Before the pandemic, their number stood at 127, making this the largest camp in the country. Inside the hall, those who aren’t out working gather in front of an industrial-size heater for warmth. Among them is Flo, the second-longest serving volunteer. Three years ago she left the UK and eventually found herself on the east coast of Australia during the height of the crisis.
“Just prior to coming here we were travelling through New South Wales to try and get away from Batemans Bay through pure orange smoke,” she says. “We went through a number of camps for displaced persons before we ended up here. This was the only camp that would take us.
“I’d never heard about Kangaroo Island until then. It’s not advertised on any of the backpackers’ lists.”
Since then Covid-19 has made things difficult. When the pandemic started, Blazeaid was declared an essential service, but as international borders snapped shut individual volunteers were forced to make a choice: stay or go?
“People were in limbo,” Flo says. “What do we do with ourselves? It was no time to be travelling, but then for many it was also safer to stay on Kangaroo Island than it was to go home to places like London or Rio de Janeiro.
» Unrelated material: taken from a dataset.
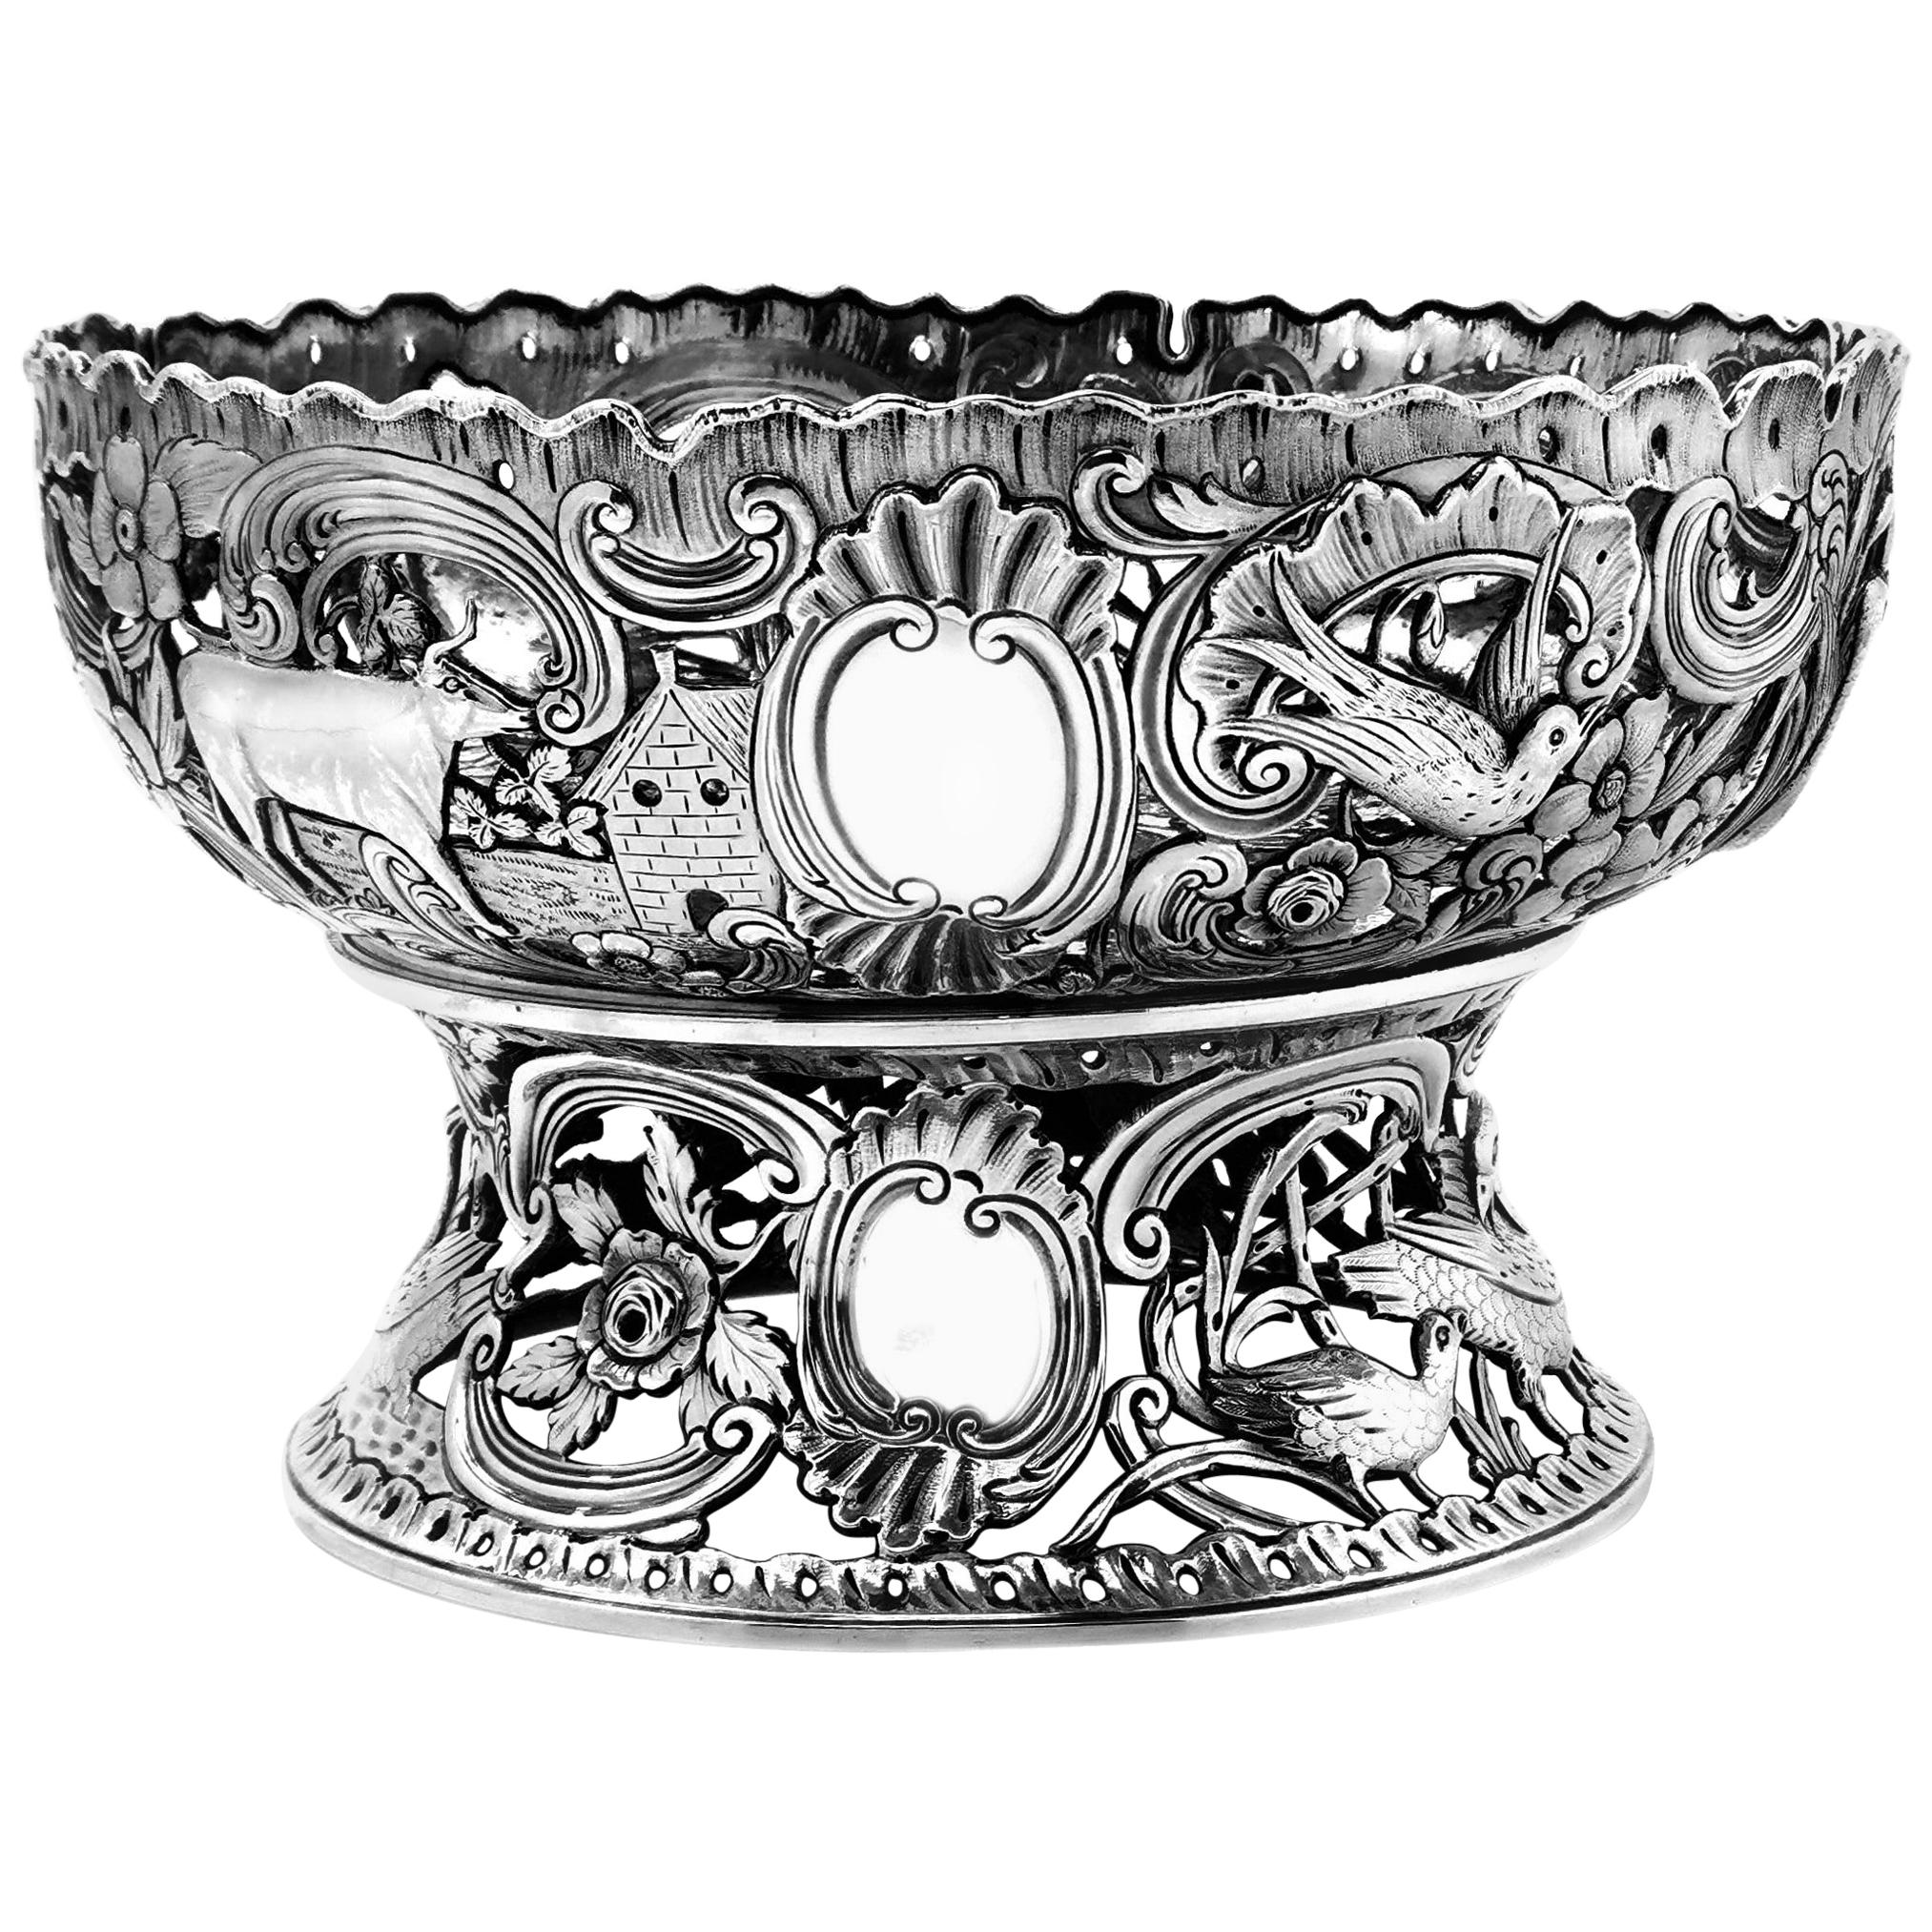 Grand anneau de plat et bol victorien ancien en argent de style géorgien irlandais 1900

“Whatever we chose, we were told that if we were thinking about leaving, we had to decide quick.”
According to the South Australian Tourism Commission, tourism in the state was worth roughly $8bn in 2019. For Kangaroo Island, tourism represents a $147m business. With only 3,150 houses on the island, just 1815 of them are occupied all year round. The rest sit empty as second homes or rental accommodation, waiting for the tourists and travellers to arrive with the holidays.
The hope was this year might be the biggest on record. The fires, unexpectedly, put Kangaroo Island on the map and created an enormous amount of goodwill from people who wanted to help. Even as the embers smouldered, tour operators reworked their offerings to focus on bushfire ecology or advertise destinations that were off the usual tourist trail. With the pandemic, their bookings evaporated.
“We had to go into lockdown,” says Jon Lark. “The medical service here has one ventilator and one ICU. If Covid hit us, we were fucked.”
Lark and his wife, Sarah, are the owners of award-winning boutique gin distillery KI Spirits, which operates a cellar door 10 minutes outside Kingscote. The 58-year-old says the past six months hit the island like a one-two punch.
“I don’t have any shame in saying that I felt extremely guilty and extremely anxious because of what we’ve all been through,” Lark says. “We feel guilty because we didn’t lose anything. And I say that because I wasn’t out there fighting fires like some of my staff. Some of them lost homes and businesses.”
“And it’s the same right now for tour operators. We’re doing OK, but others? Last Saturday we did a tasting for World Gin Day in Tokyo by video. You can’t run a tour or serve a meal over the internet.”
It won’t be easy, Lark says, but the island will make it through. Those in the tourism business are watching as interstate travel begins to open back up and authorities talk about setting up intra-regional flights to places like New Zealand.
Lark, like others, knows the future is not without risk. Winter is coming, which means the waters are already growing too choppy for the ferry to run. Each year there are roughly 50 days where there is no ferry at all, and air service has been patchy. Even before the pandemic, Rex Airlines cut the route to Kangaroo Island in February and only recently announced it would return services on 6 July.
Then there is the possibility another catastrophic bushfire or a second wave of Covid-19 may flare in the rush to reopen borders and reboot the national economy. All it would take, Lark says, is a group of careless tourists and they’d be right back where they were.
“You know, a while ago I made up some whisky and it’s about ready,” he says. “I said to my staff that if another fire happens again, we’re going to load up the whisky and we’ll all get the hell out of here.